好不容易脱身,已经到了傍晚。
小芙恨死了他,他不敢让小芙发现,趁着天黑怕上墙头看她忙活。
他看她搓完了苞米粒,又泡水洗,手上不像是有伤的样子,自然也放下了心。
他为小芙高兴,因为未见的这三年小芙像是更聪明了,知道怎么才能不让自己吃亏;同时宇文渡也伤心,因为他们恐怕再也回不到从前了。

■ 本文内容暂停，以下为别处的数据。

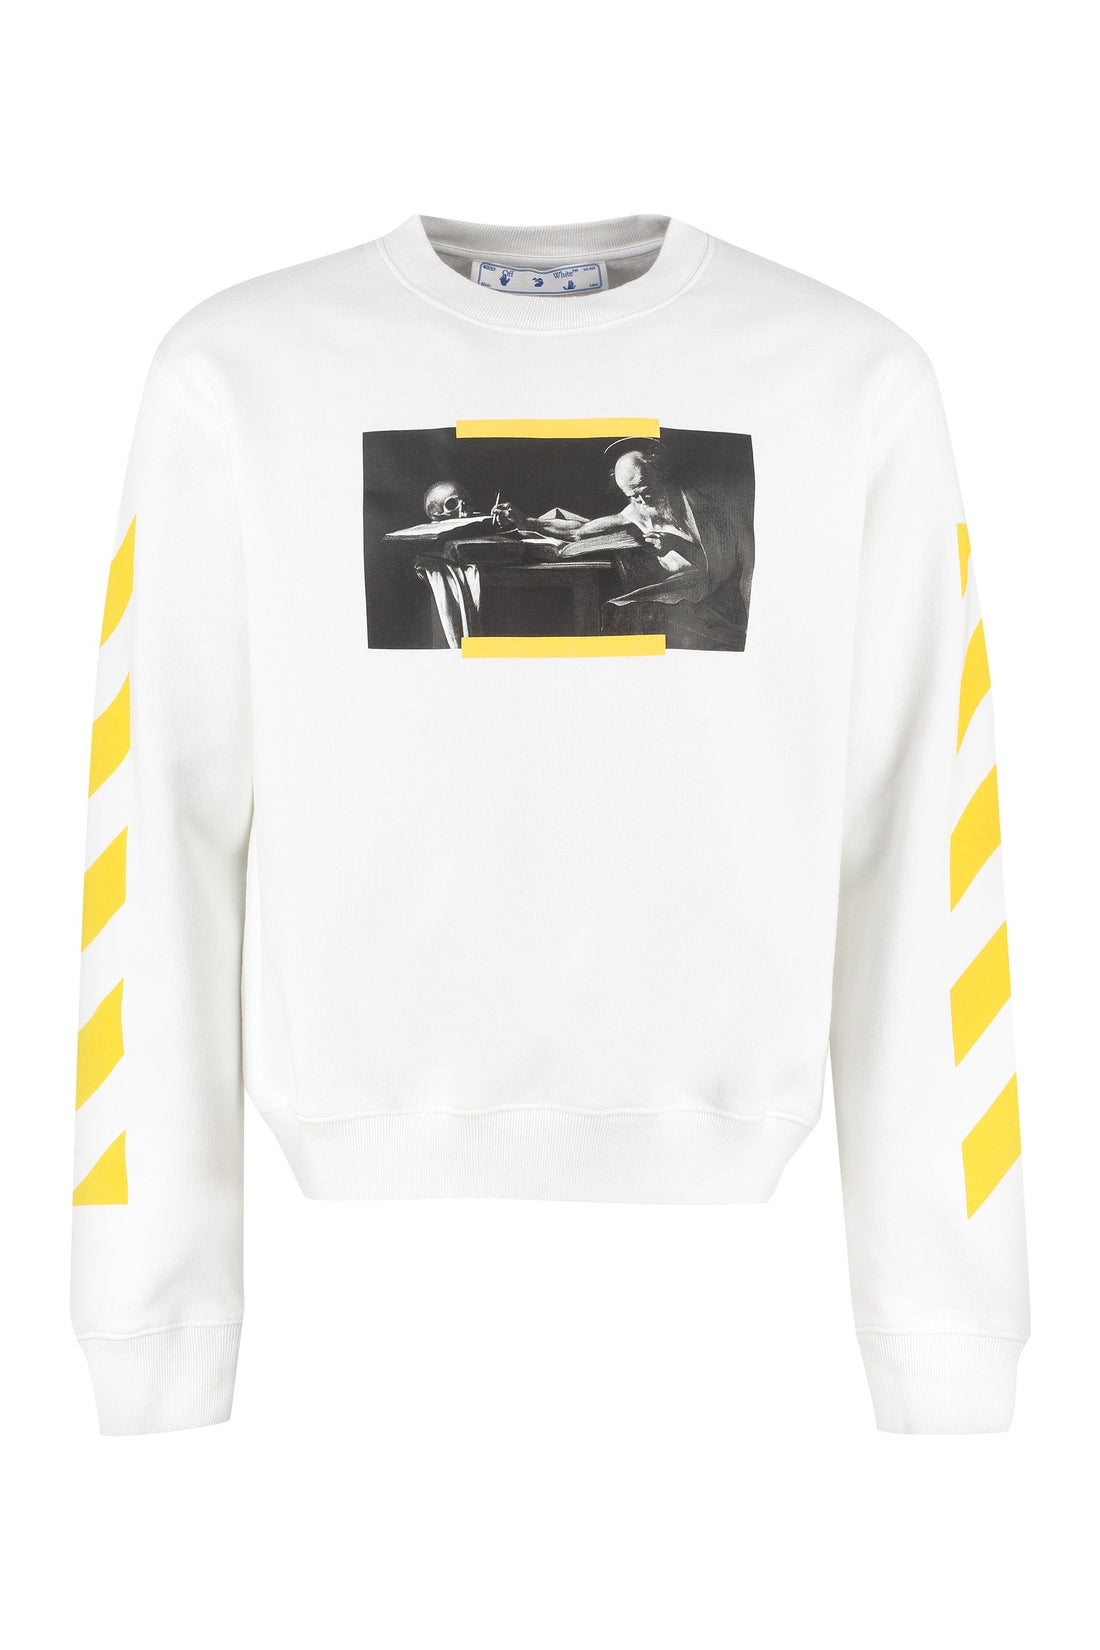 Off-White-OUTLET-SALE-Printed cotton sweatshirt-ARCHIVIST
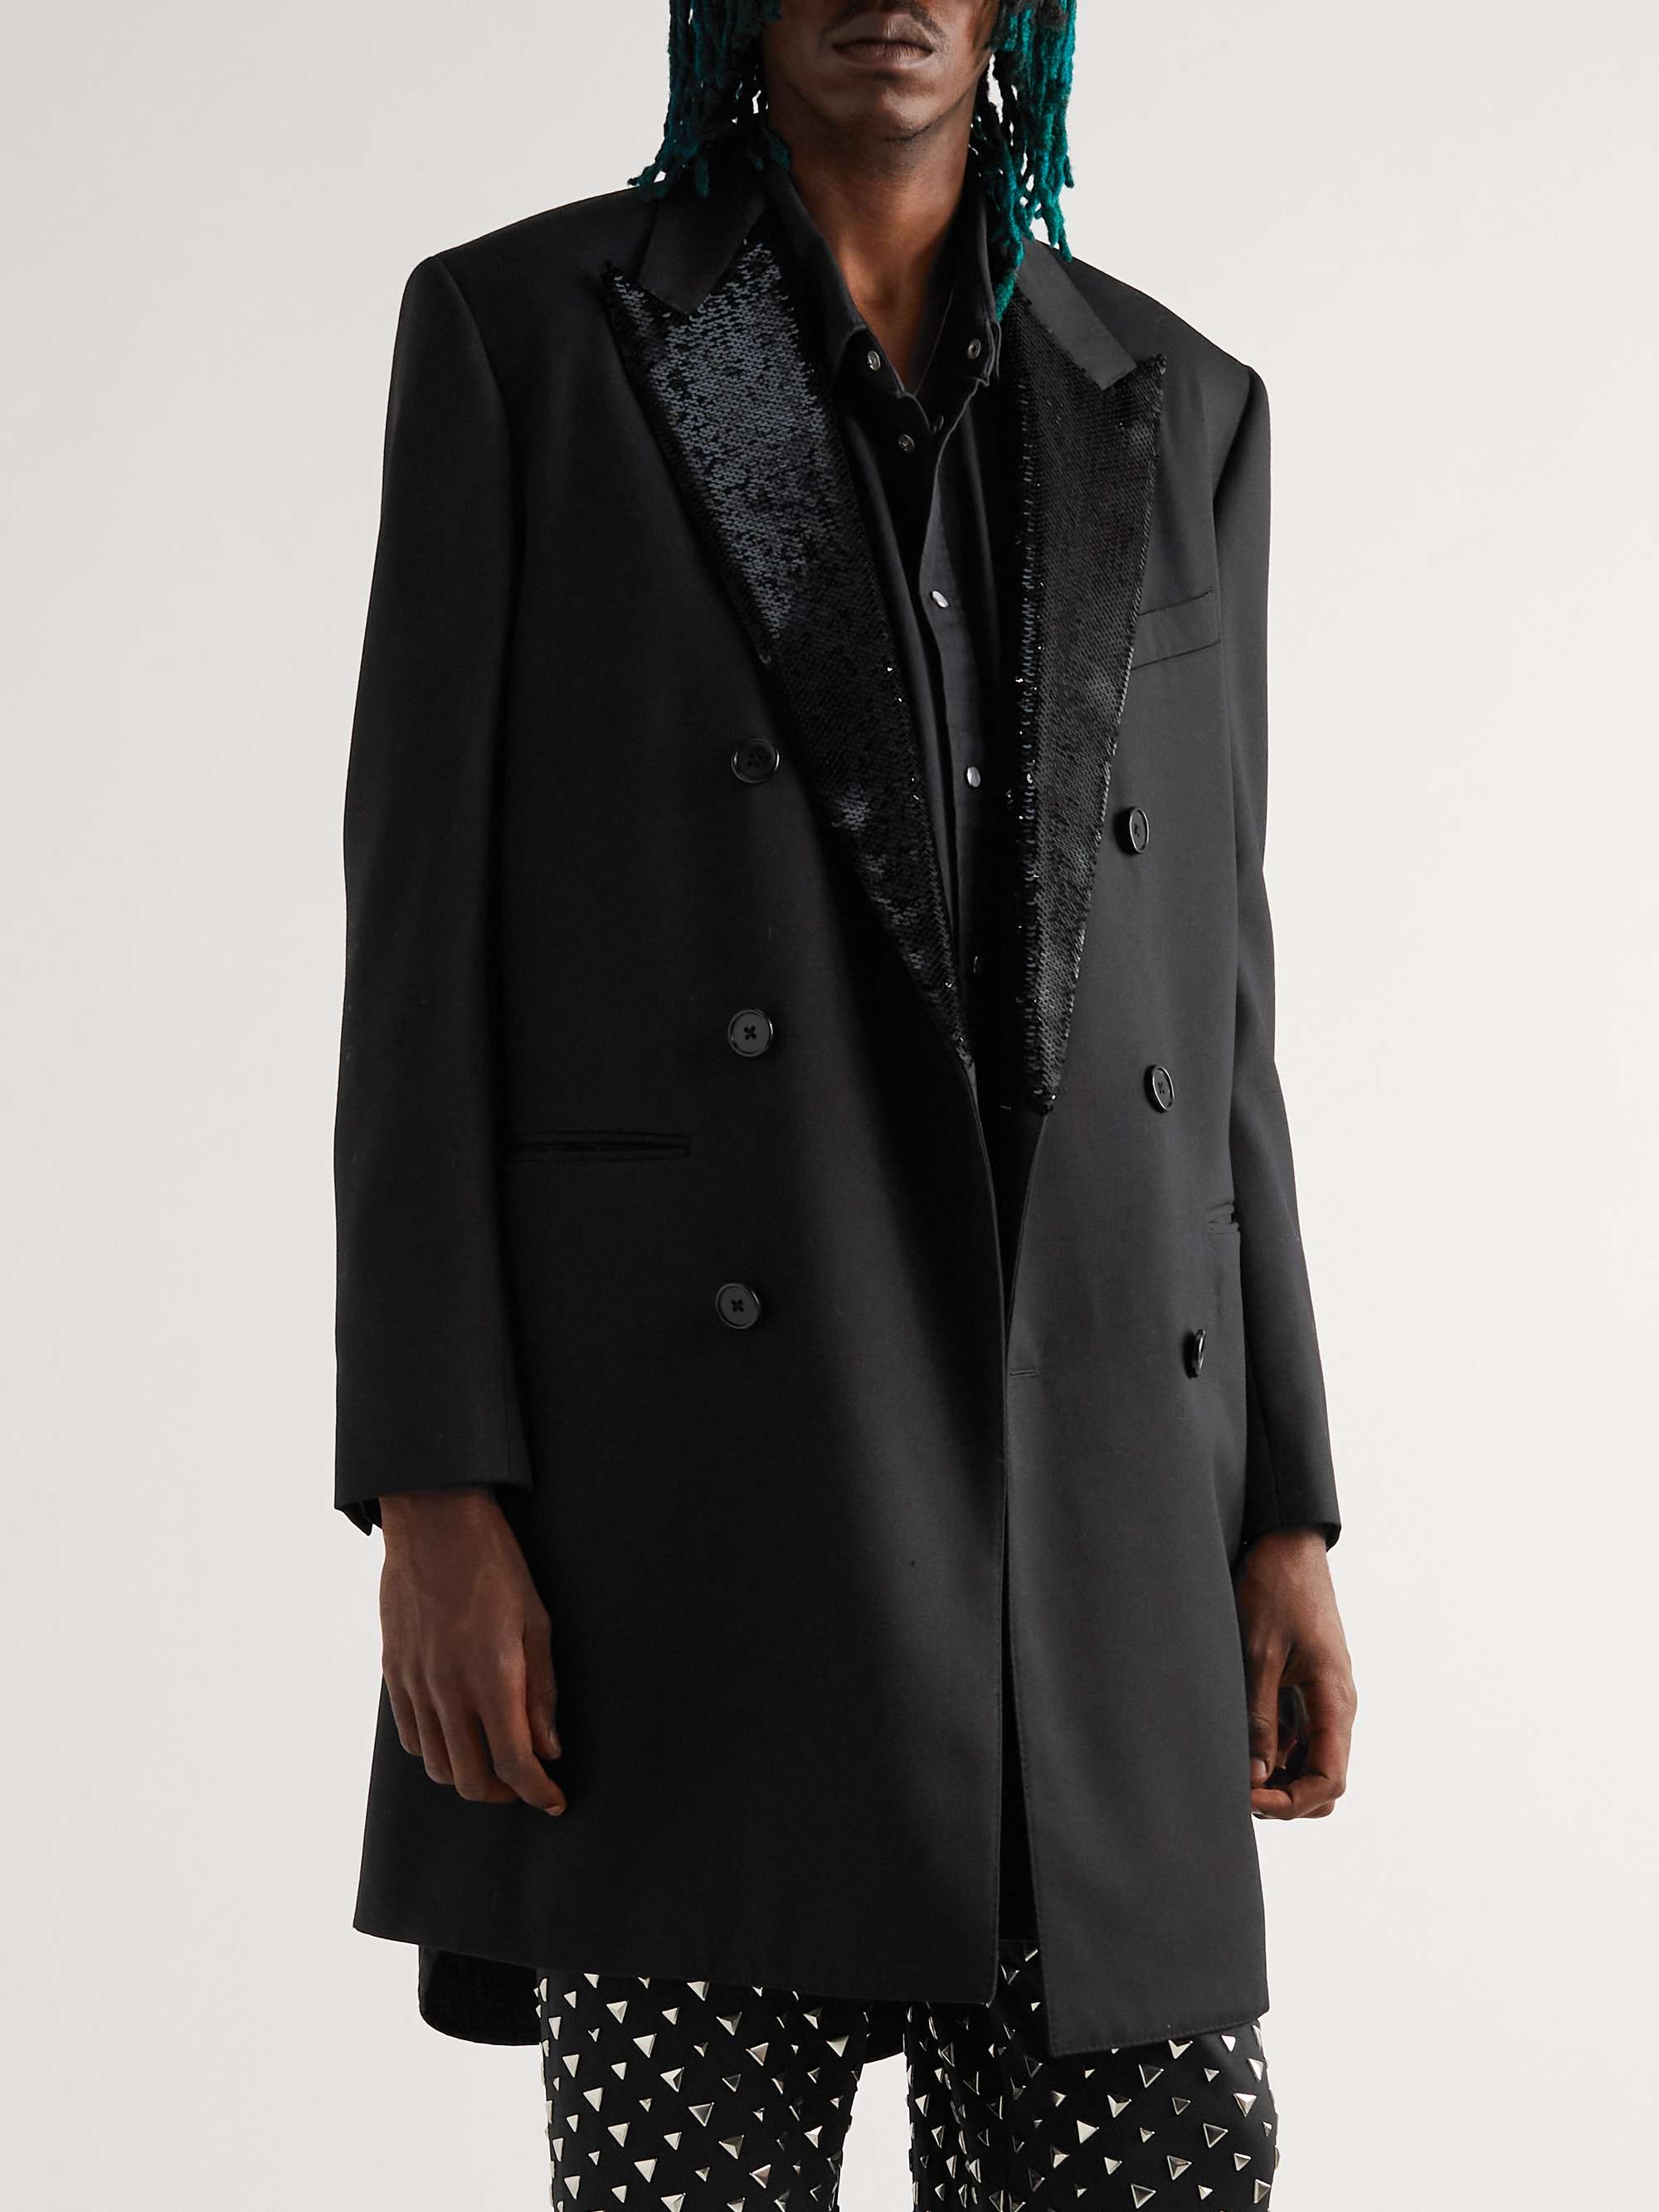 CELINE HOMME Sequin-Embellished Double-Breasted Wool Coat

小芙瞧着个头高,吃得却不多,干吃一碗苞米饭就饱了。剩的一锅她也没浪费,转身去厨房拿了个陶罐出来,将苞米饭盛进去封了口。眼下天还有些冷的,明早热一热,又是一餐饭。
宇文渡却是再也看不下去了。
他从墙头跳下来,一下来到小芙跟前,拽起她的手腕就向外走。
小芙又被吓了一跳,手里的陶罐没抱稳,一下摔到了地上。
“你干嘛?!”她是真生气了,气得脸都红了,“这是我明天的饭!”
“你跟我走,我管你饭。”宇文渡没回头,看样子是铁了心要带她走。
小芙力气没他大,被他拽到了院子门前。
宇文渡一脚踹开了门。
同时小芙也拽下门边挂着的苞米,照着他后脑勺来了一下。
“狗东西!”小芙狠狠地道,“你去死!”
宇文渡毫无防备地被击中,只觉得后脑勺一震。
他伸手去摸,感觉有什么黏黏的液体正流出来。
宇文渡却没有理会,只是将沾血的那只手背到背后去,伸出另一只手去抱小芙。